Tricked by the deception, the court granted multiple delays—pushing her reporting date from August 22, 2017, to January 30, 2018, then to August 7, 2018, November 6, 2018, January 29, 2019, and finally to April 29, 2019. The ruse unraveled when Carpenter’s own attorney moved to withdraw from the case on January 29, 2019, stating he had been “an unwitting tool in a fraud on this Court.”

Two days later, U.S. District Judge Sidney Fitzwater vacated the latest extension and ordered Carpenter arrested.
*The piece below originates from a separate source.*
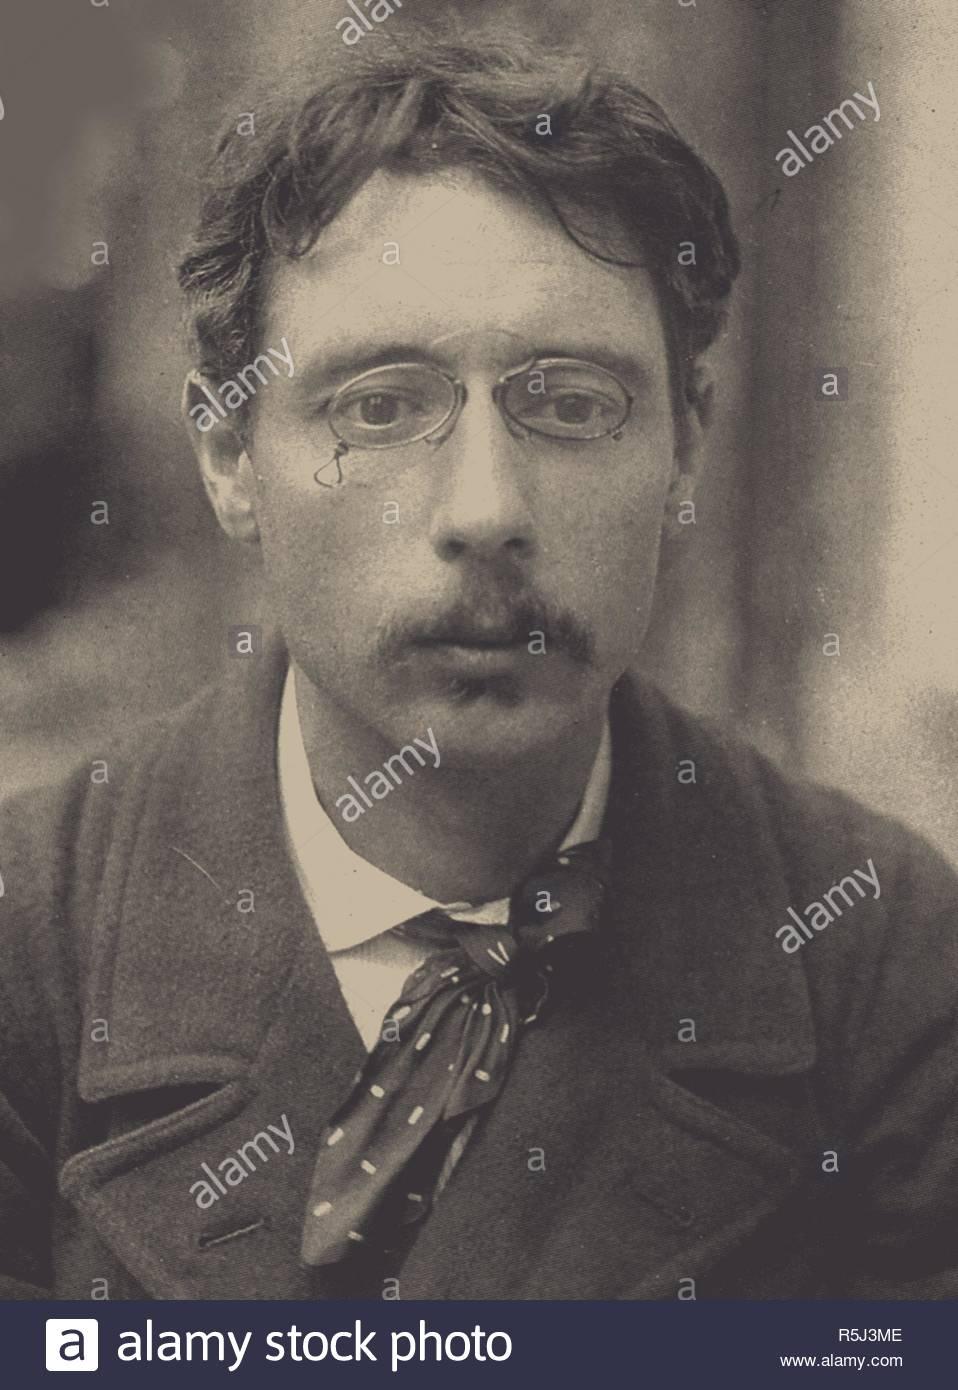 Pierre Bonnard (1867-1947). Museum: PRIVATE COLLECTION. Author: VUILLARD, EDOUARD. - Stock Image

The 60-month sentence for obstruction will run consecutive to her original 41-month sentence for wire fraud, ensuring she spends nearly eight total years behind bars.

In the underlying fraud case, Carpenter admitted to embezzling over $372,000 from a property management company where she worked. She issued $133,000 in checks payable to herself, $157,000 to a fictitious company she created, and used company funds to pay personal bills with JC Penny, DirectTV, TXU Energy, and Verizon.

The FBI’s Dallas Field Office investigated both crimes. Assistant U.S. Attorney Christopher Stokes prosecuted both cases. U.S. District Judge Jane J. Boyle handed down the five-year sentence for obstruction, sending a clear message: defrauding the courts carries a steep price.